There's too much trash, too little recycling and not enough composting going on. And Hennepin County wants to change that.
Unveiling a Zero Waste plan for public comment this month, the county wants to map out how it will meet ambitious goals to empty the trash can for good.
"We need transformative change," said Carolyn Collopy, a supervising environmentalist at Hennepin County. "Our current system is not going to get us there."
It's a monumental task that cuts across industry, consumer brands, habits and state law, but the plan lays out 58 steps to get as much as 80% of the waste stream diverted into reuse, recycling or composting. The so-called diversion rate in Hennepin County stands at about 39% today and has been slow to rise despite years of efforts.
The county produced about 1.3 million tons of trash in 2021. Of that, some 34% went to a landfill, 27% was burned for energy at the Hennepin Energy Recovery Center, 26% was recycled and 13% was composted.
The county already is under a state statute to divert 75% of waste by 2030, or about double today's amount.
"We've come a long way, but there's still a lot of work to do," Collopy said. The plan's steps range from adding waste and recycling bins in public spaces to expanding grants to help businesses adjust to changing state laws.
The county will put a big focus on food, since about a quarter of what gets sent to the landfill or burned for energy actually is compostable material.
Even though more and more waste haulers offer compost collection services, it's one of those things that will take time as consumers and residents learn how to integrate composting into their daily lives, said Julie Wischnack, community development director for the city of Minnetonka. The city joined others in promoting Hennepin County's Zero Waste challenge and has offered seminars in the past on how to compost. It's been a slow learning curve, but it was once the same way with recycling, Wischnack said.
It's not common at all for the builders of multifamily housing to incorporate compost collection into the building, Wischnack said, pointing to another area that could be improved.
"They have to have the infrastructure for it, and they're not building that into the buildings today," she said.
Minneapolis is at about 50% participation in curbside organics collection. As that grows beyond 80%, the county will have a lot more organic material to recycle and plans to add an anaerobic digester to its Brooklyn Park transfer station. The digester converts organic waste into fertilizer and biogas.
St. Cloud's wastewater treatment plant has used a pair of the devices for years to make biogas out of solid waste and donated food and brewery wastes. The biogas is used as fuel for a pair of biogas generators,said Tracy Hodel, St. Cloud's public services director. That produces enough electricity to power about 450 houses.
Law changes sought
The county wants to see an Extended Producer Responsibility bill pass at the state Legislature; the bill would make producers of consumer brands responsible for the disposal of their product and its packaging.
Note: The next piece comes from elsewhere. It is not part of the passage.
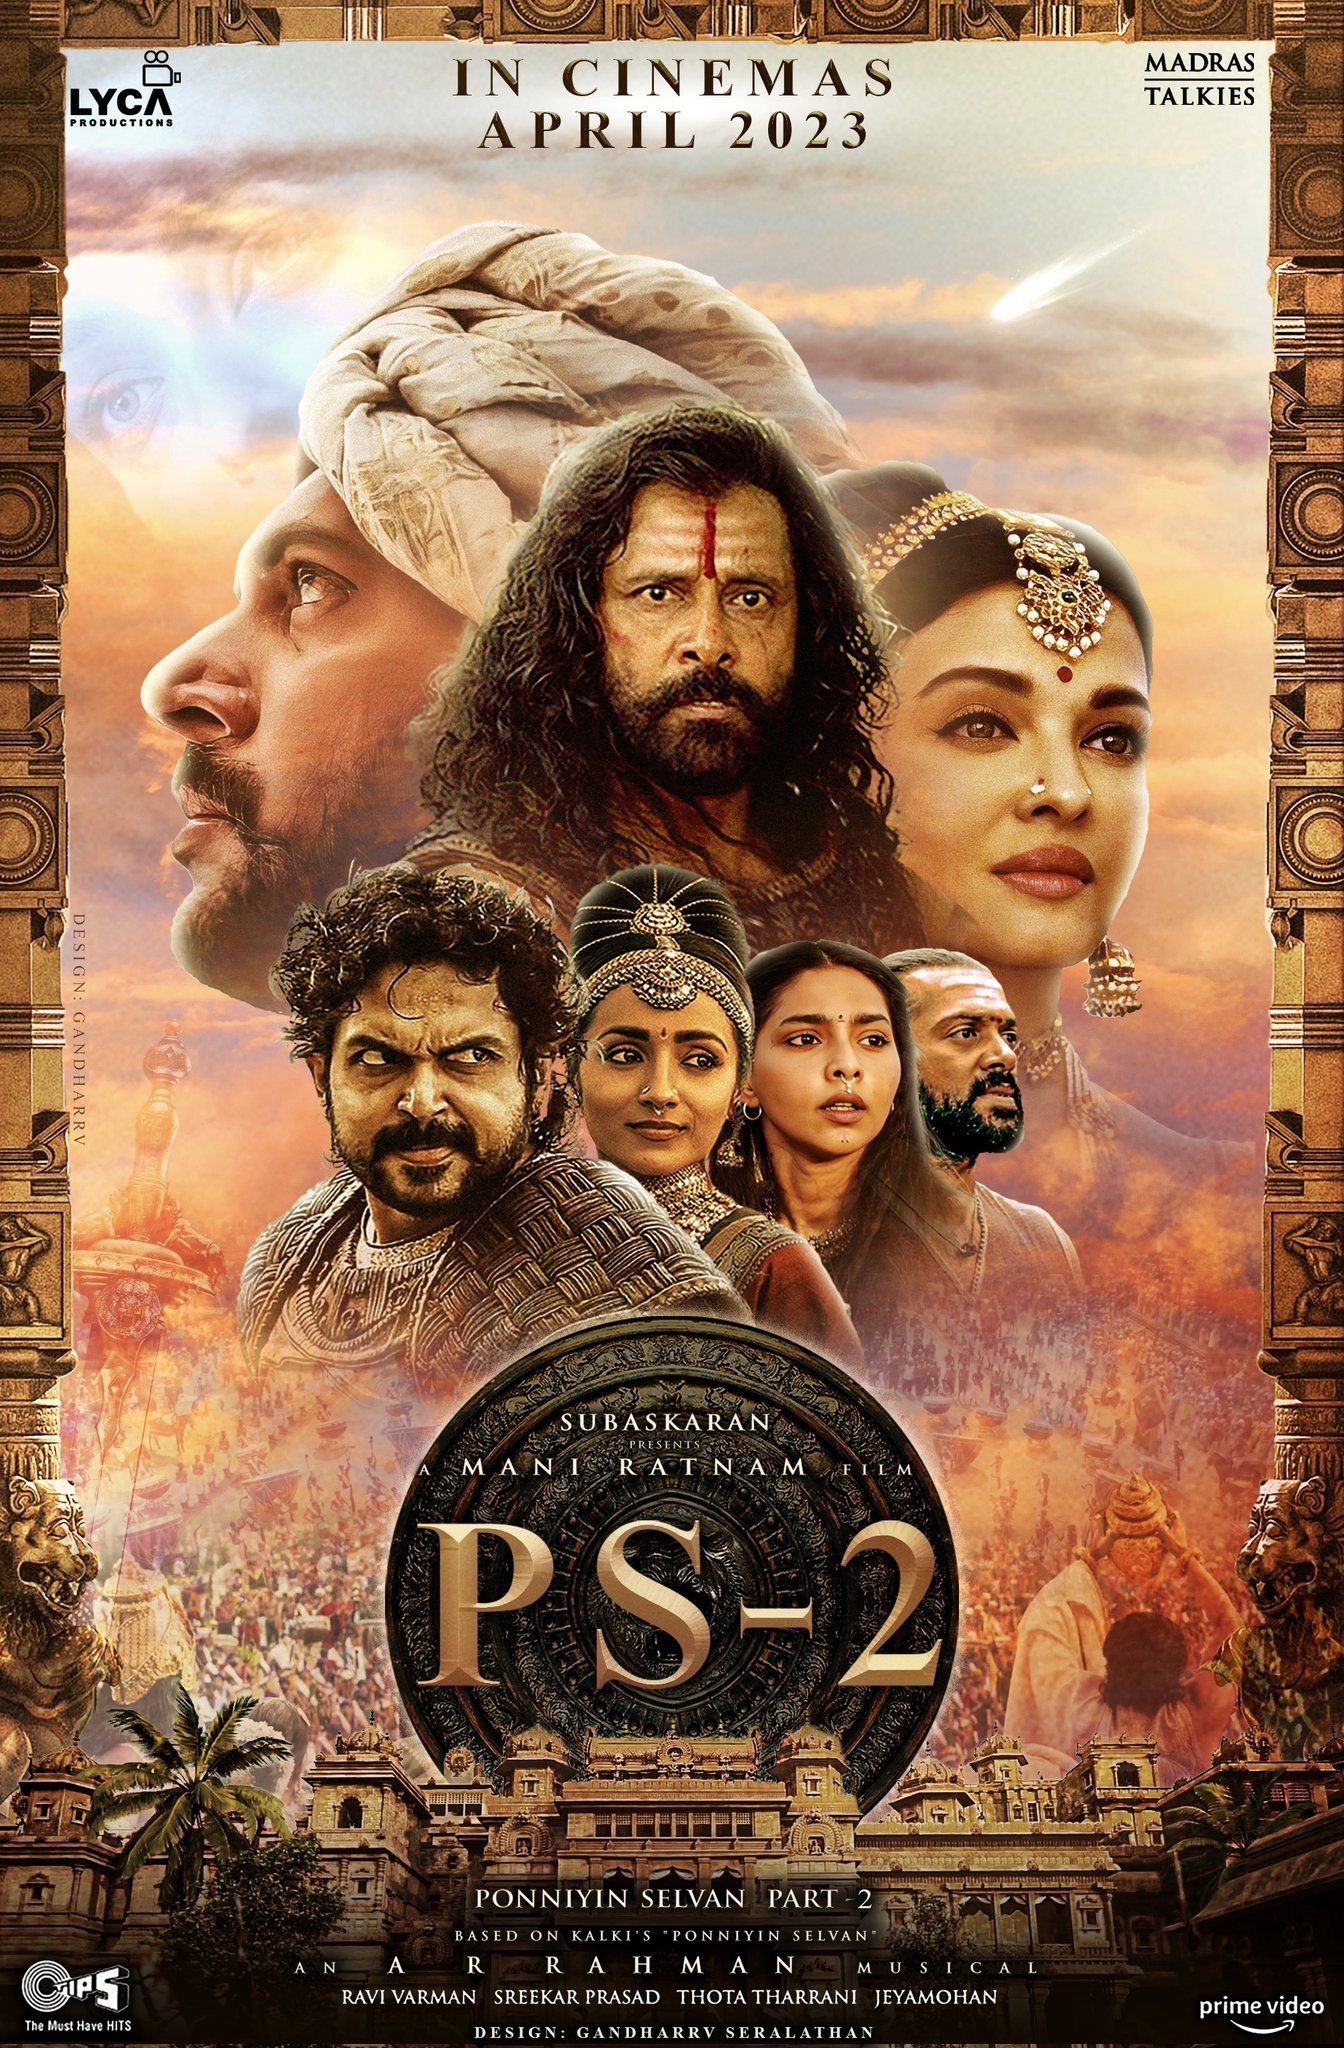 Ponniyin Selvan: Part Two 2023 Hindi Dubbed 1xBet 1080p

The law would take the burden off government to find solutions for trash, while also encouraging manufacturers to design products easier to recycle or reuse or dispose of safely without hazardous materials.
Similar laws already have passed in Oregon and Maine in 2021 and Colorado in 2022.
The county also backs a repeal of the state law that makes it illegal to put a ban on plastic bags.
Changing demolition practices
Another focus will be collecting and reusing construction materials. The plan pushes for more deconstruction of houses rather than demolition, meaning that a house could be taken apart and its parts reused, rather than torn down and landfilled. Some of that work already is being done by groups like Better Futures Minnesota, a Minneapolis nonprofit that runs the ReUse Warehouse on Minnehaha Avenue.
"Greater or increased awareness that deconstruction is even an option would be helpful," said Alex Baldwin, the waste diversion manager for Better Futures Minnesota.
It takes as much as two to three weeks to take apart a house that could be razed in one day. The benefit is that the materials can be resold or salvaged, and there's the environmental value of reusing items that would otherwise be landfilled.
Baldwin said his nonprofit anticipates doing some 60 to 70 deconstruction projects this year.
Taking it to the finish line
Hennepin County would be a national leader if it hit a 80% diversion rate, said Collopy, but getting to truly zero waste would require changes in technology, consumption and manufacturing. Items like diapers, pet waste and plastics that are a mix of types are difficult to find any solution for other than landfilling.
Consumers need to stop producing garbage in the first place, said Kirk Koudelka, assistant commissioner for land policy at the Minnesota Pollution Control Agency.
"A good example of that is with food waste," he said. "If you can rescue the food while it's still edible, it's 20 times better for greenhouse gases than composting." That could mean that grocery stores build stronger networks with food shelves to donate damaged items before they spoil or that consumers buy smaller quantities to make sure it gets eaten and not thrown out.
"It's something we all need to be a part of," he said.
To read the plan, go to hennepin.us and search for zero waste plan. Public comment is being sought by March 20. Visit BeHeardHennepin.org for an online survey, a virtual community meeting and other ways to share ideas.